大量生産できない製品のコストダウンには苦労も
「ファッション性を兼ね備えたケア介護製品」は画期的でニーズは高いが、重要視されてこなかった。小さな企業では大量生産が不可能なために、単価も高くなる。特に乳がん患者用の下着は大量生産が難しい。塩崎さんは手軽にまとめ買いができるシステムも模索中だ。
「出資者の皆さんが事業に共感してくれていて、私は恵まれた環境にいると思います」と笑顔を見せる。 塩崎さんは、なるべく価格を抑えるように商社と話し合い、海外のいくつかの工場に分けて生産するなど工夫を重ねてきた。
「最初は利益がそれほど出なくても、お客さんが買える価格をつければ売れていくと思うんですよ。ただ、すべての患者さんが斬新なデザインを好むわけではないと思います。私も普段着は黒が多いので、商品には普段から使えるようなブラックやアースカラーも取り入れています。30代~80代まで幅広い世代の方に着ていただけると思いますよ」
これも画期的なことだった。シンプルなケア用の服はほとんど販売されてこなかったためだ。

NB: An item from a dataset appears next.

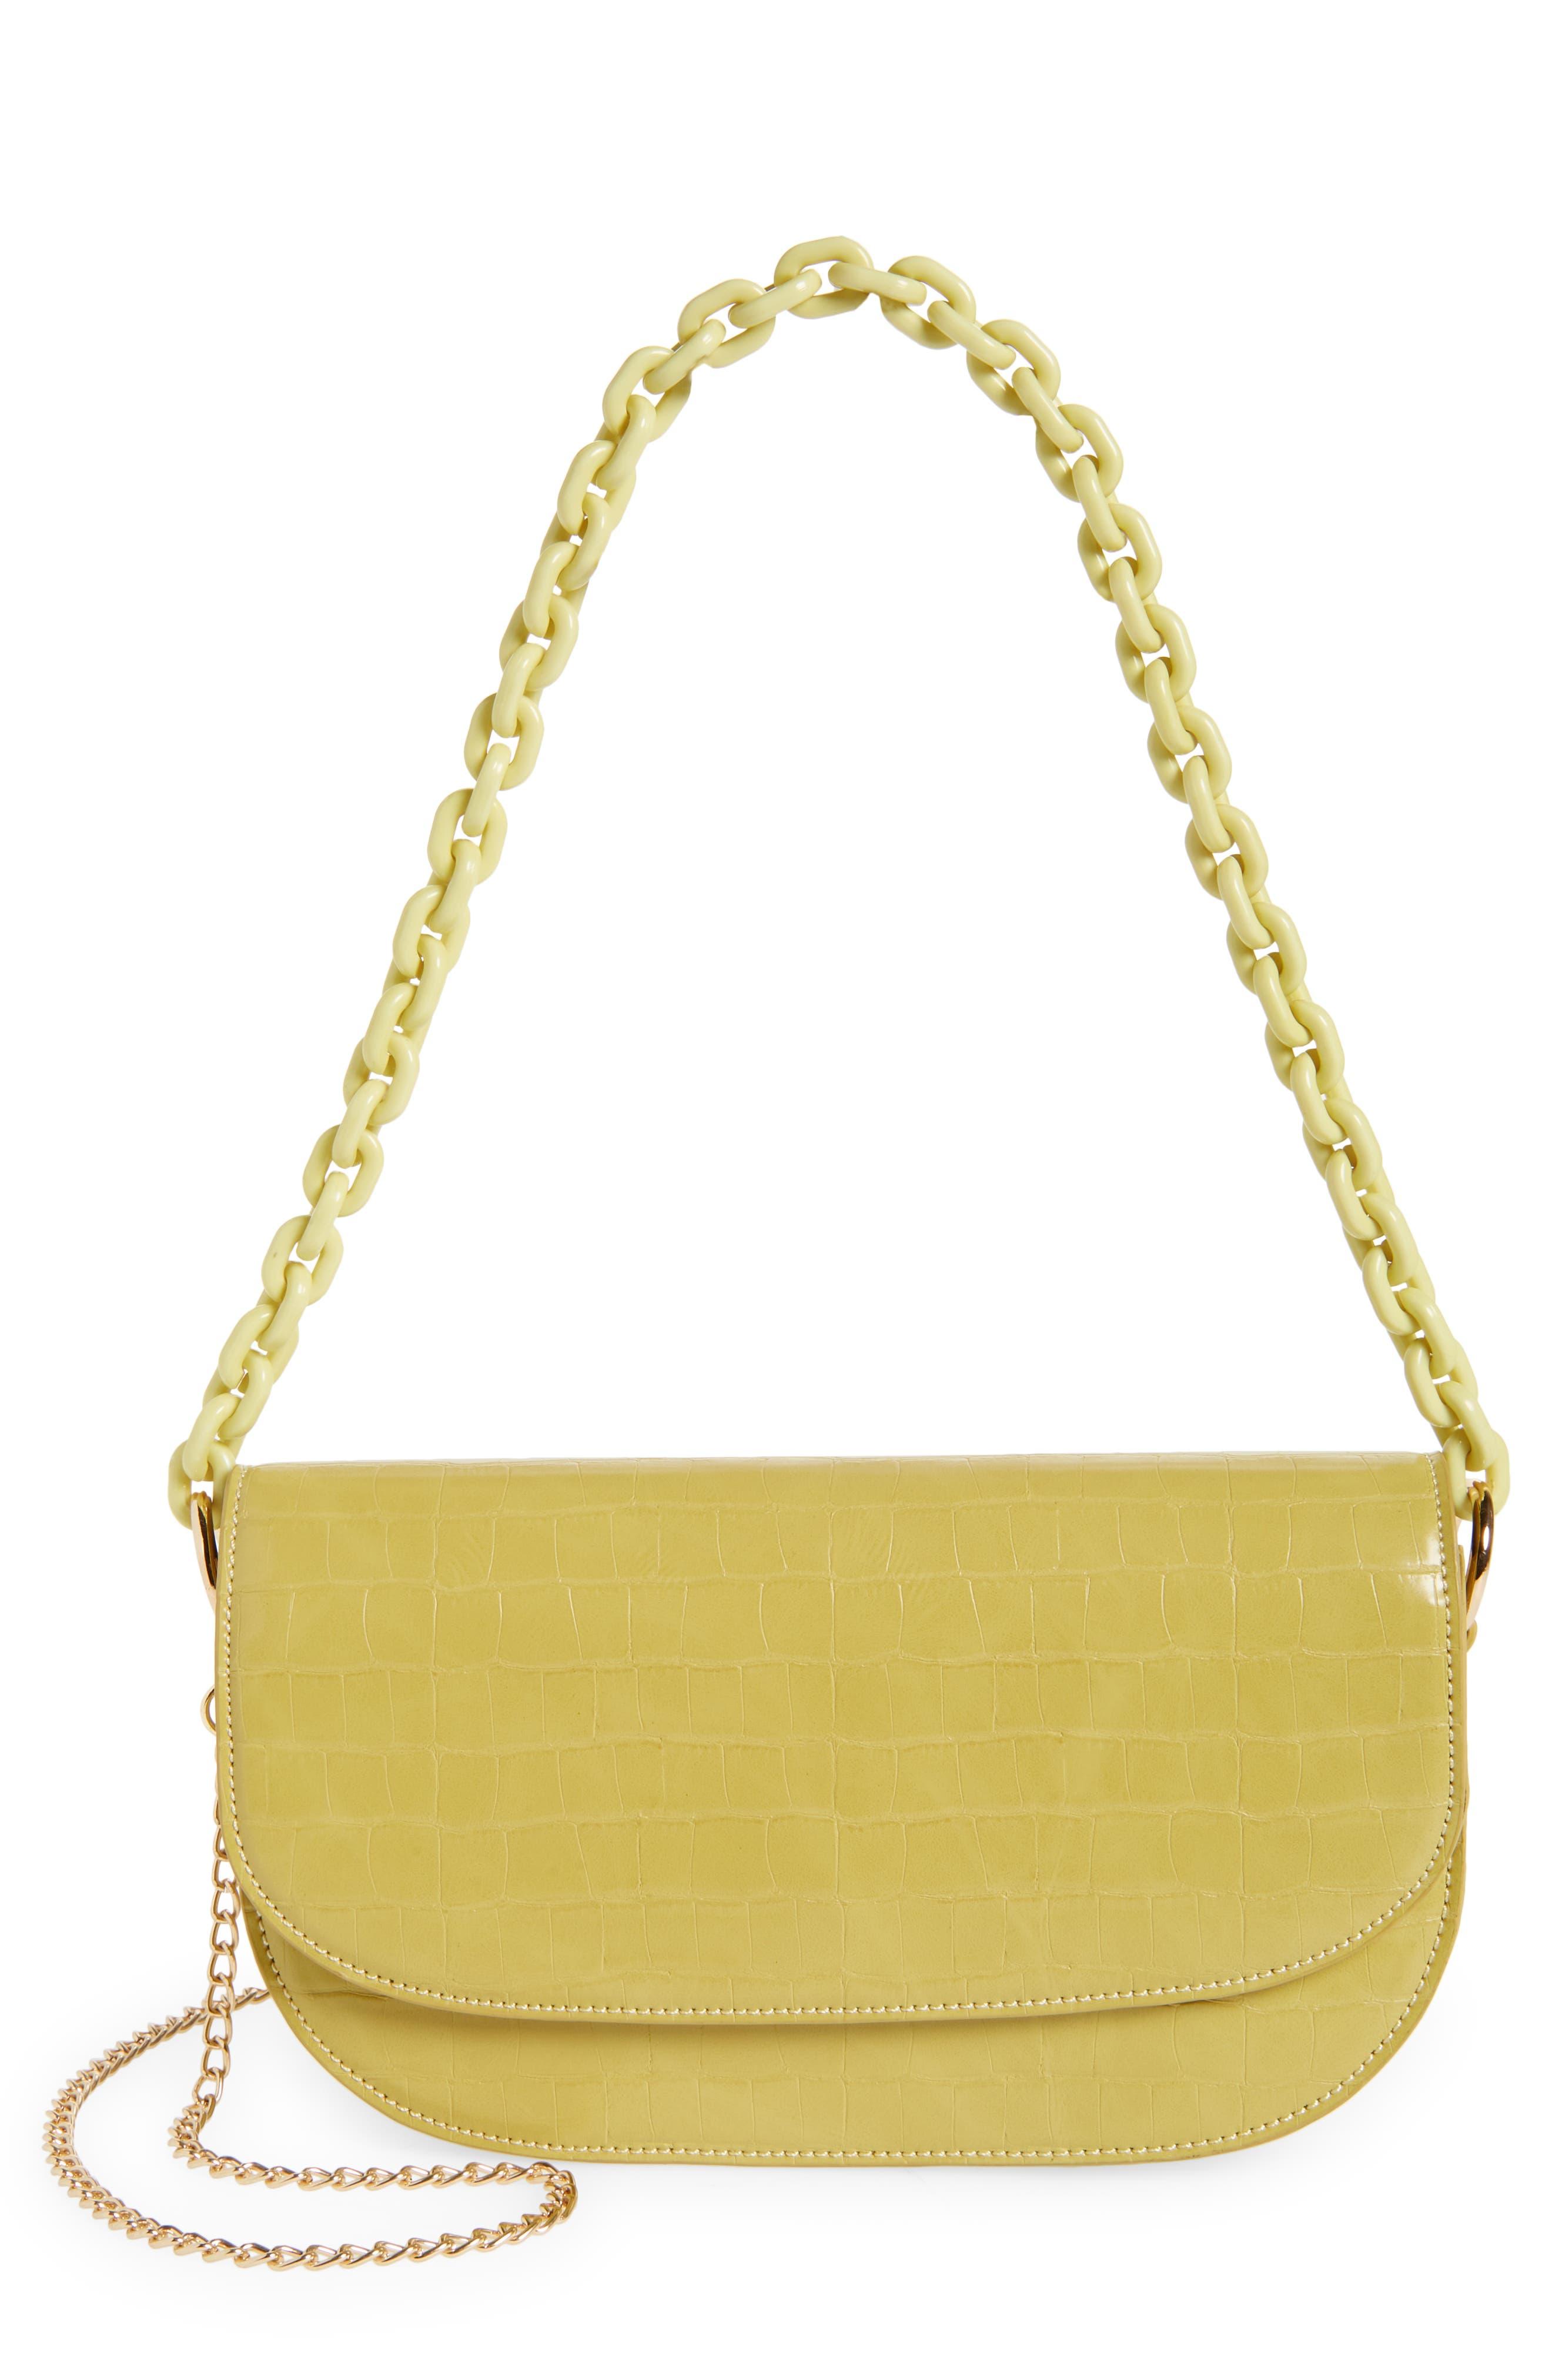 Amy Faux Leather Baguette Crossbody Bag

「『病気なんだから、しかたない』が積み重なって、『まあいいか』になって、患者さんを『患者さんらしく』していくんですね。それを何とかしたいんです」と力強く話す。
「これからはファッションだけではなく、ケアが必要となったときにライフスタイル全般に提案していけるブランドに育てていきたいです。介護用品は安くていいものが少ないので、ベッドカバーなどインテリアアイテムも含めてもっと手軽に買えるようにできればと思っています」
塩崎さんはそう言って、目を輝かせた。